WBD carries a ton of debt (estimated at $48 billion), so getting revenue “right” is the over-riding concern at the company’s headquarters. By now, Mr. Zaslav has probably decided what combination of companies and revenue streams will make up the final iteration of WBD and what companies and revenue streams will be sold off or shut down (if they can’t be sold off).
This gets to the heart of the matter. Is CNN a good fit for WBD? Does it make what business and financial people call “strategic sense?” (As we’ve noted before, everyone’s a “strategist” now).
WBD, if you look at its various parts, is an entertainment company attached to a library of content (basically movies and TV shows from the past). News programming is a non-essential service for an entertainment company; a “nice to have,” but not really a “need to have.”
Mr. Zaslav presides over an unwieldy conglomerate that needs to be “rationalized” and “right-sized,” as it pays down debt and invests in future programming.
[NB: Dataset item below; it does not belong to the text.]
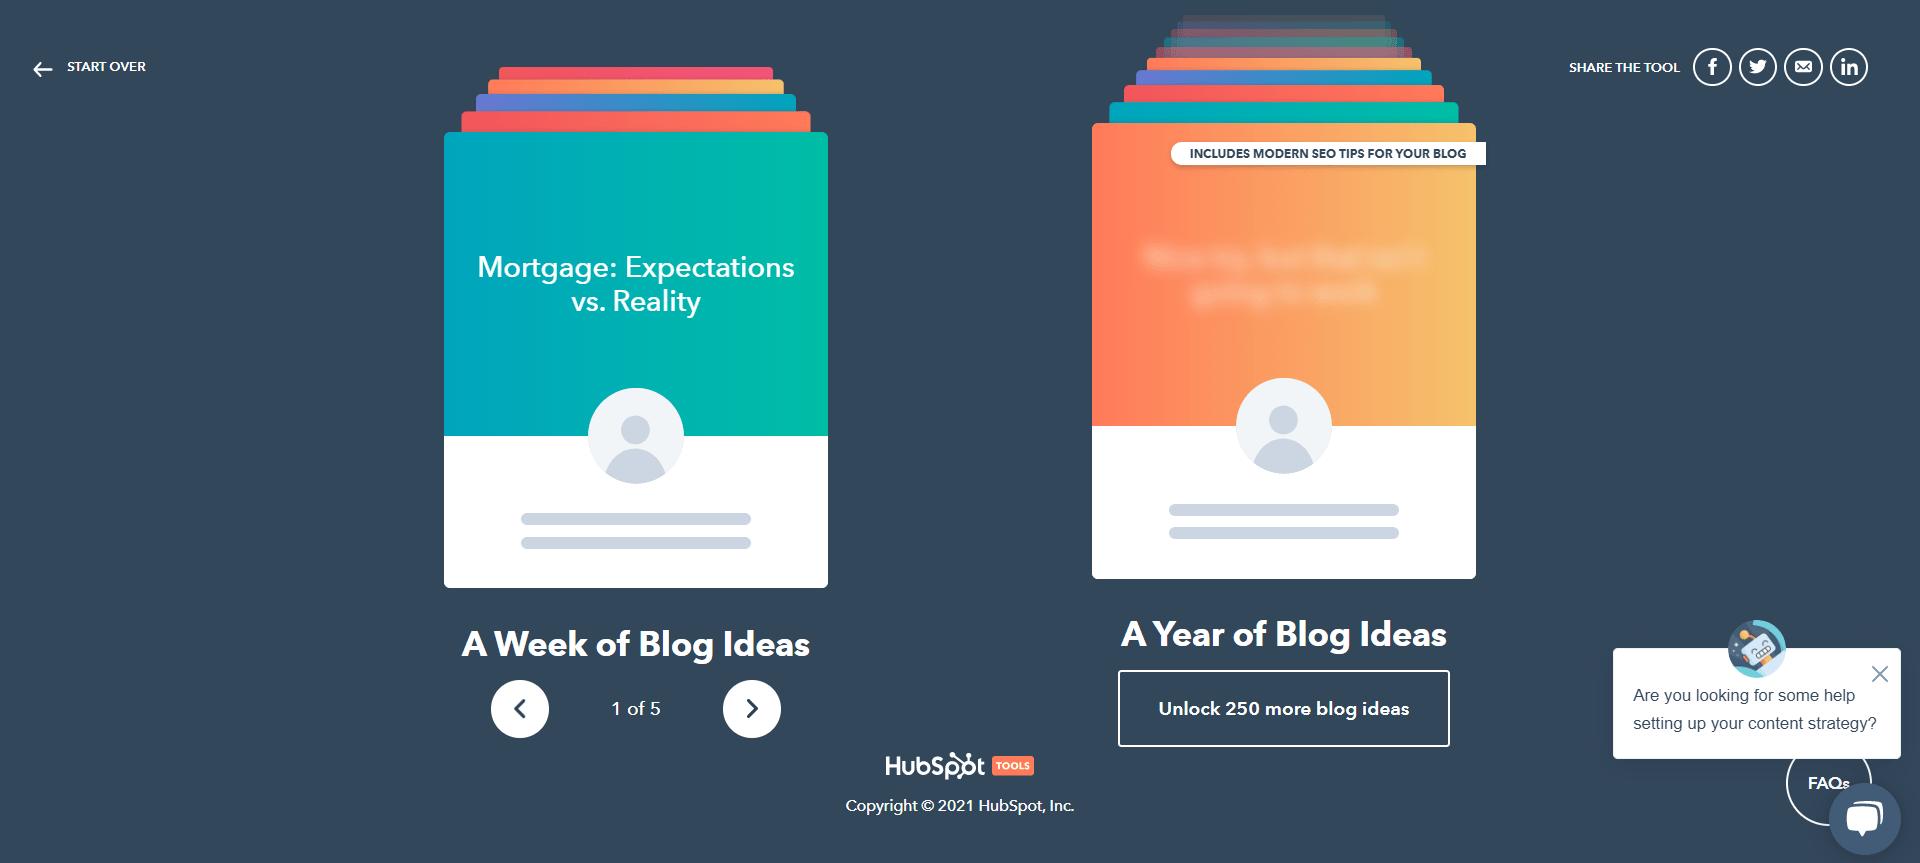 HubSpot content generator results

Those needs point to the sale of CNN, and the sooner the better.
If we say for the sake of argument that CNN’s annual earnings are $750 million, a multiple of 15x or 20x earnings would command a sale price of as much as $15 billion. And perhaps more, if we add in the possibility of an acquirer whose interest is less focused on earnings and more on political power. Having both, of course, would be best, as Rupert Murdoch will attest.
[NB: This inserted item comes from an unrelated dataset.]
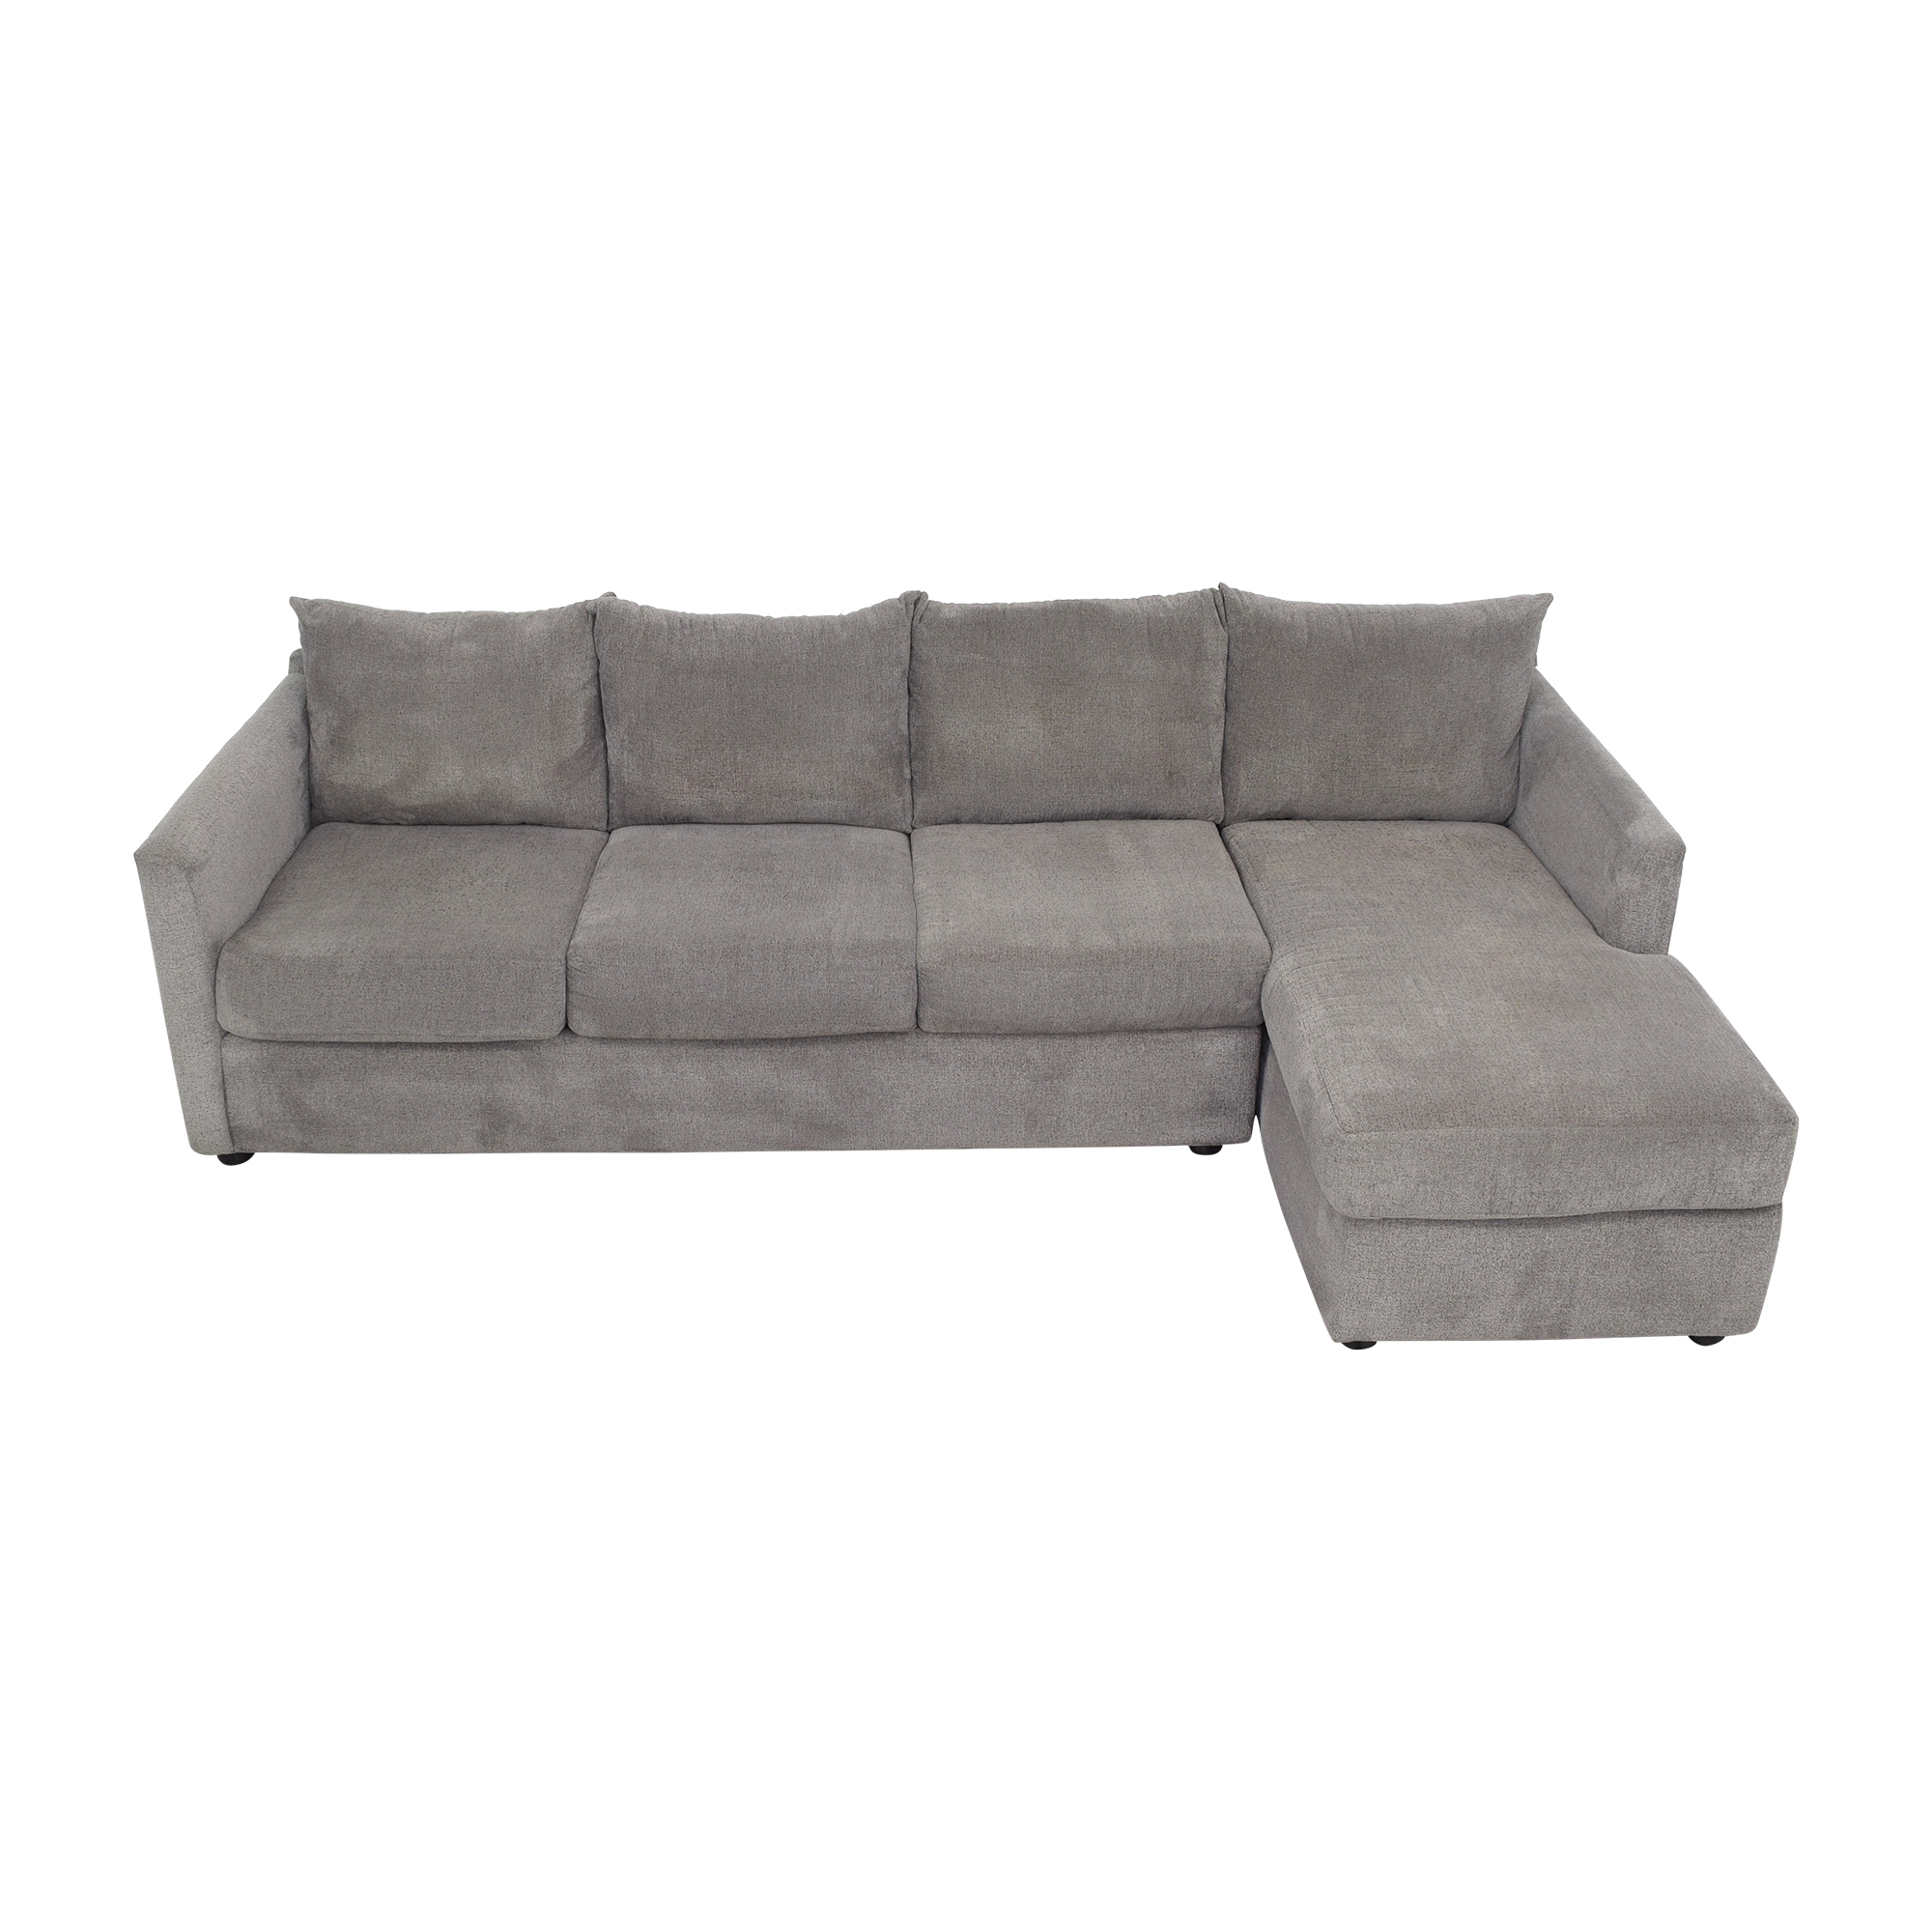 KFI KFI Sectional Chaise Sofa nj

Another reason a sale makes sense at this time is that the number of private equity firms has nearly tripled in the last twelve years at the same time the availability of “good deals” has been reduced by private equity firms buying up all the “good deals.” Some PE firms are now doing leveraged buyouts of dry cleaning chains and convenience store gas stations and dog treat companies, which tells you pretty much everything you need to know about the current state of “deal flow.”
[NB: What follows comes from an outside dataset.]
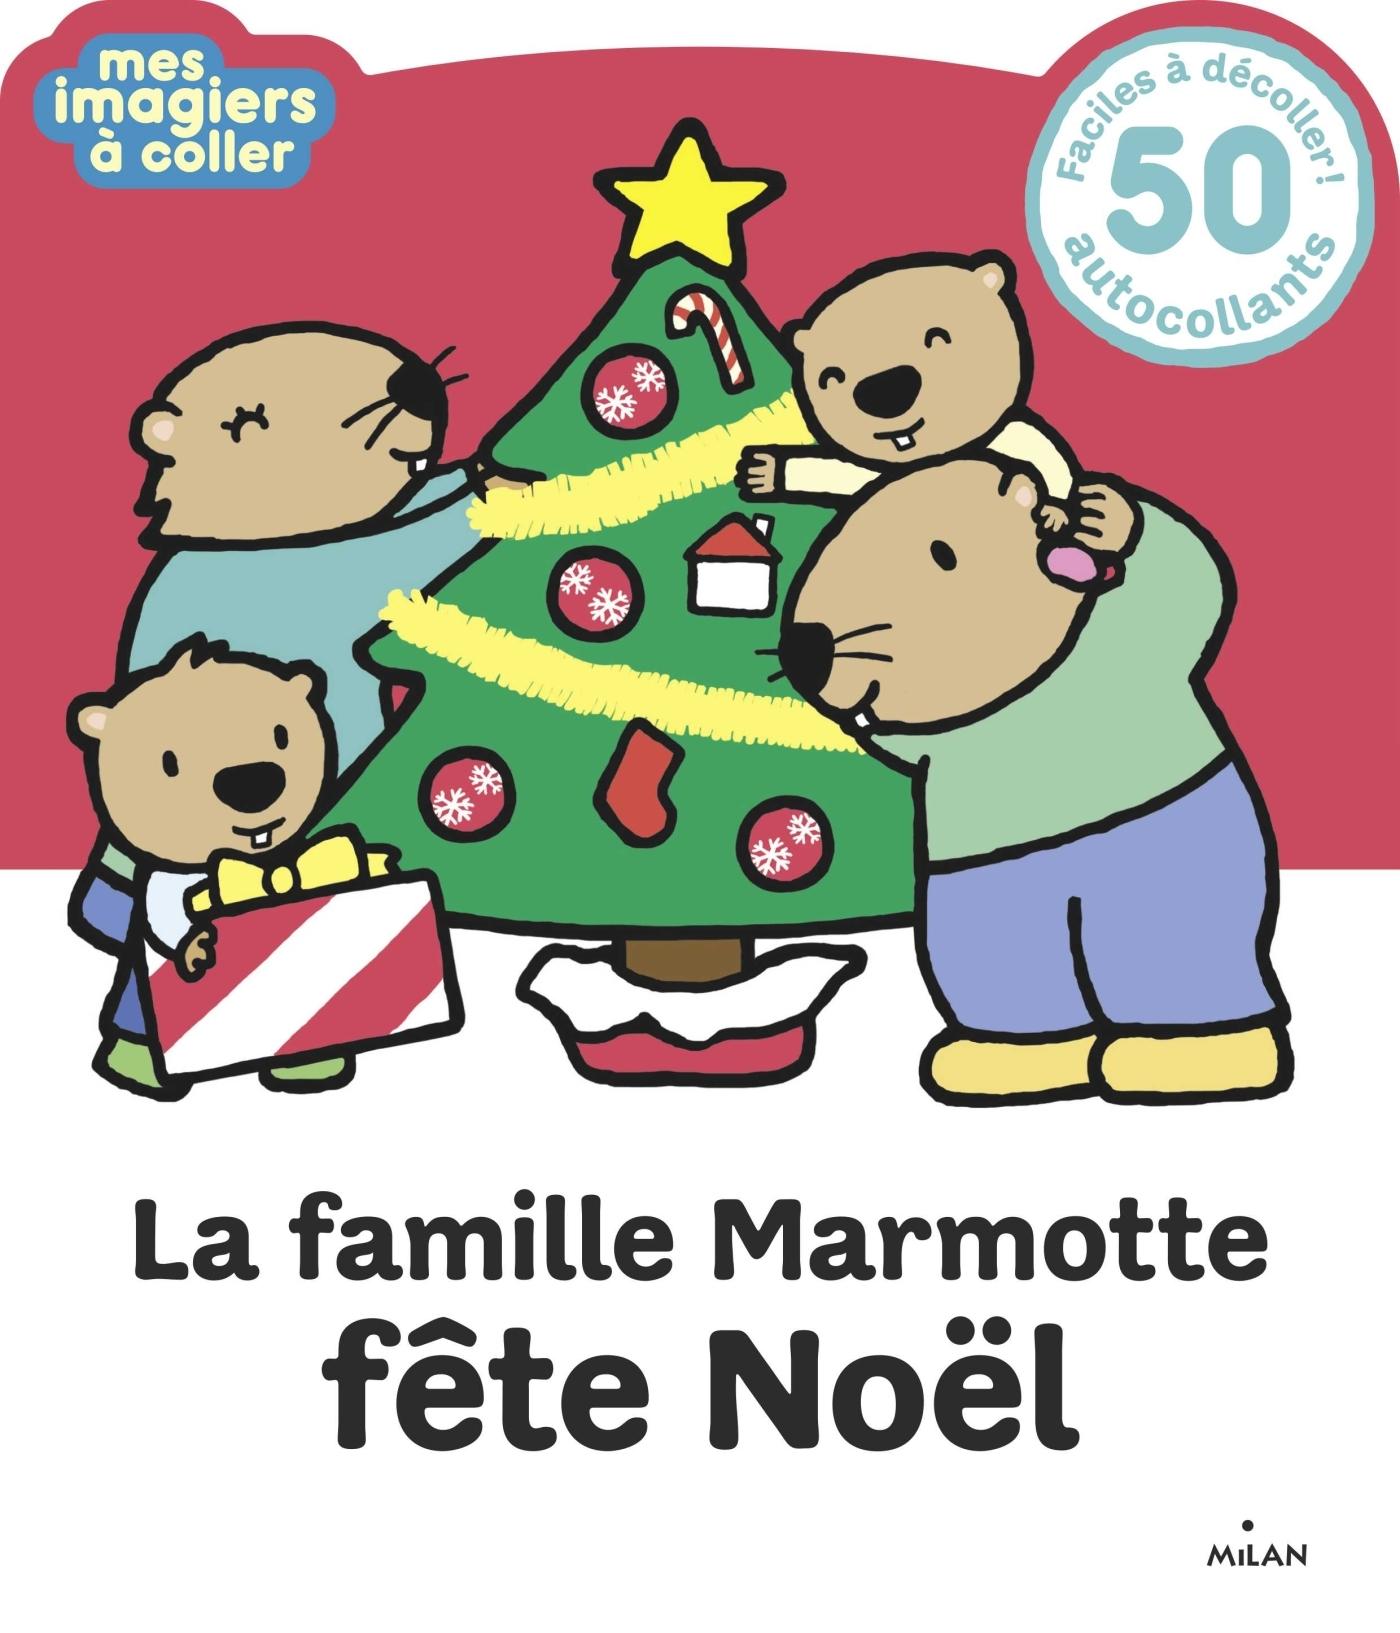 LA FAMILLE MARMOTTE FETE NOEL

Putting CNN for sale would get everyone’s attention and attract a slew of bidders, not because it’s perceived as (or is) a diamond in the rough, but rather because it’s a well-recognized brand that throws off enough cash to make its debt payments, on time and in full. Investors in PE firms, especially institutional investors, like the comfort of investing in established brands that pay their interest coupons, year in and year out. Smart PE firms look at CNN’s 4000 employees and presume that 2500 high-performing or better employees would produce a better product. Plenty of revenue and plenty of fat to be trimmed is a PE firm’s idea of winning the lottery.
Because it’s CNN, because PE firms are sitting on huge amounts of “dry powder” (uninvested investor money), because there are now three times as many PE firms as there were 10 years ago and because the number of high-profile, debt-paying deals is so few, the likelihood of a bidding war is much more likely than it might otherwise be.
Whatever else he might be, Mr. Zaslav is smart. A sale of CNN divests an under-performing asset, helps focus the parent company on its core businesses, immediately (and dramatically) improves the parent company’s balance sheet, almost certainly (and dramatically) boosts the company’s stock price and makes the case for an increase in Mr. Zaslav’s already generous compensation much easier to prosecute.
Looked at that way, from Mr. Zaslav’s point of view, last things first.